En Chile no solo tratamos igual a quienes están en momentos distintos. Además, lo hacemos desde instituciones que no están realmente conectadas. El problema ya no es solo de diseño, es de coordinación.
No todos los emprendedores están en el mismo momento. Algunos recién están validando una idea, otros sobreviven en la informalidad (saliendo de sus toldos azules) y otros ya están vendiendo y buscando crecer. Son realidades distintas, con necesidades y urgencias diferentes. Sin embargo, el sistema muchas veces los trata como si fueran lo mismo, entregando soluciones estándar para situaciones completamente distintas. Esto, por sí solo, ya genera desalineación, pérdida de tiempo y desgaste.
Pero cuando uno mira un poco más en profundidad, aparece algo aún más estructural. El problema no es solo que el sistema no distinga etapas. Es que además está desconectado por dentro.
Cada institución opera con su propia lógica, sus propios tiempos y sus propios objetivos. FOSIS, SERCOTEC, CORFO, municipios, academia, Hub… todos cumplen un rol, todos están activos, pero no necesariamente están articulados entre sí. Y eso genera un efecto silencioso, pero muy potente: el emprendedor queda en medio de un sistema que no conversa.
“El problema no es solo qué se entrega, es cómo se coordina.”
Desde afuera, el ecosistema se ve robusto. Hay oferta, hay programas, hay cobertura. Pero en el “backstage”, la realidad es distinta. Falta comunicación efectiva, los objetivos no siempre están alineados y las decisiones se toman muchas veces de forma independiente. Cada actor responde a sus propios indicadores, más que a una lógica común de desarrollo del emprendedor.
Y eso tiene consecuencias directas. El emprendedor participa en un programa que no conversa con el siguiente. Recibe apoyo que no se conecta con lo que ya hizo. Se enfrenta a requisitos distintos, a lenguajes distintos, a expectativas distintas. Y nuevamente, tiene que adaptarse… no el sistema a él, sino él al sistema.

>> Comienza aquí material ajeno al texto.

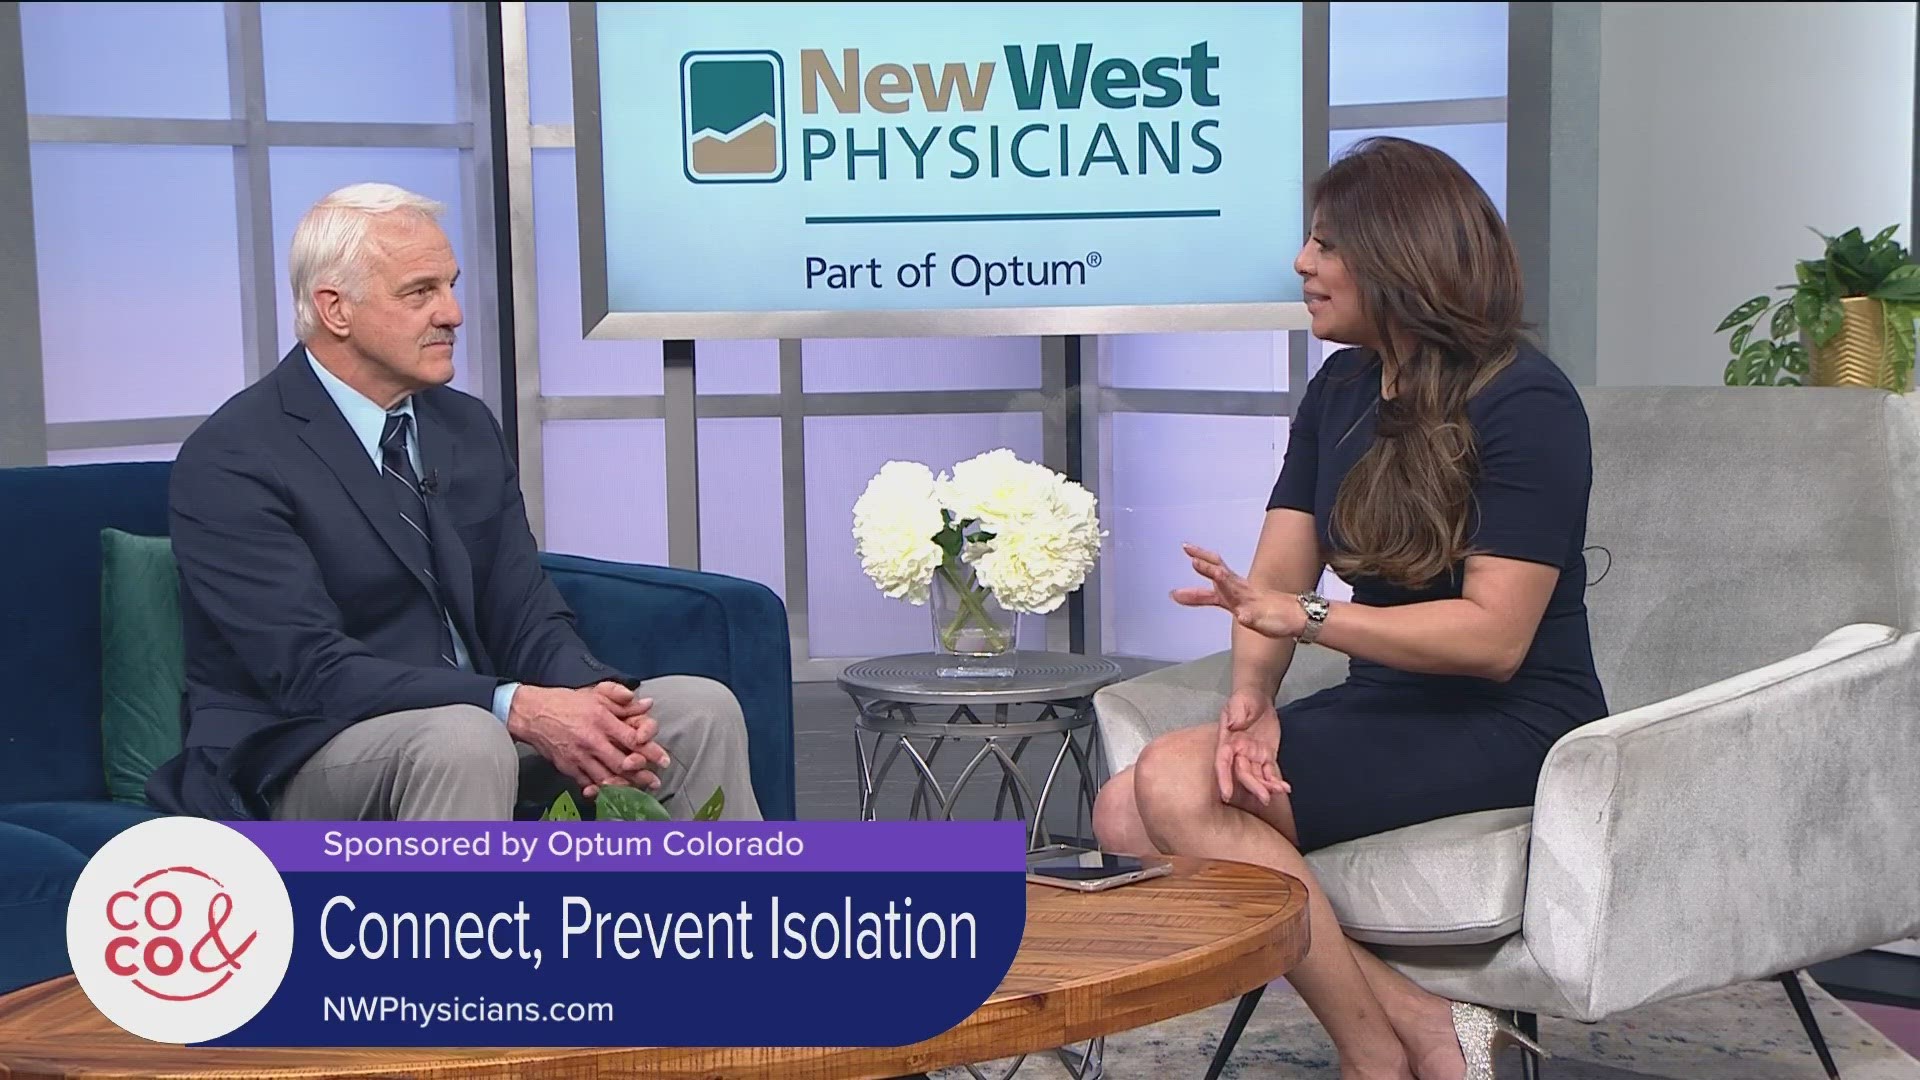 Feelings of isolation and loneliness, especially in older adults, is a ripple effect of the pandemic. Dr. James Yeash of New West Physicians is here to help.  *PAID*

Ahí es donde se pierde eficiencia, pero también sentido. Porque cuando no hay coordinación, el sistema no construye sobre lo avanzado. Repite, fragmenta y diluye el impacto. Y eso se suma a un problema previo: si además no distinguimos en qué etapa está cada emprendedor, terminamos combinando dos fallas críticas. Entregamos soluciones poco pertinentes desde instituciones que no están alineadas.
El resultado es un ecosistema activo, pero poco conectado. No se trata de cuestionar a las instituciones, donde yo he sido fundador y participe activamente. Todas cumplen un rol necesario y muchas veces con equipos altamente comprometidos. El problema es que ese esfuerzo no está siendo articulado de manera sistémica. Y cuando eso ocurre, el impacto se reduce.
El desafío, entonces, no es hacer más ni reemplazar lo que existe. Es conectar mejor. Alinear objetivos, compartir información, construir trayectorias comunes y entender que el emprendedor no vive instituciones, vive un proceso.
Porque cuando el sistema se organiza desde sí mismo, el emprendedor se pierde. Pero cuando se organiza desde la experiencia del emprendedor, todo empieza a tener sentido.
Si queremos que el emprendimiento realmente avance, no basta con mejorar programas ni segmentar etapas, crear nuevas «Ruta del emprendedor», «Track de emprendedores», etc, que en muchos casos solo son para facilitar sus objetivos como organización y no hacer el camino mas fácil al emprendimiento y al empresario.
Es aquí el desafío para este nuevo gobierno, tenemos que lograr algo más básico, pero más desafiante: que el sistema, de una vez por todas, empiece a conversar consigo mismo.
¿Te hace sentido esta mirada? ¿Crees que hoy existe coordinación real o seguimos operando como piezas separadas dentro de un mismo sistema?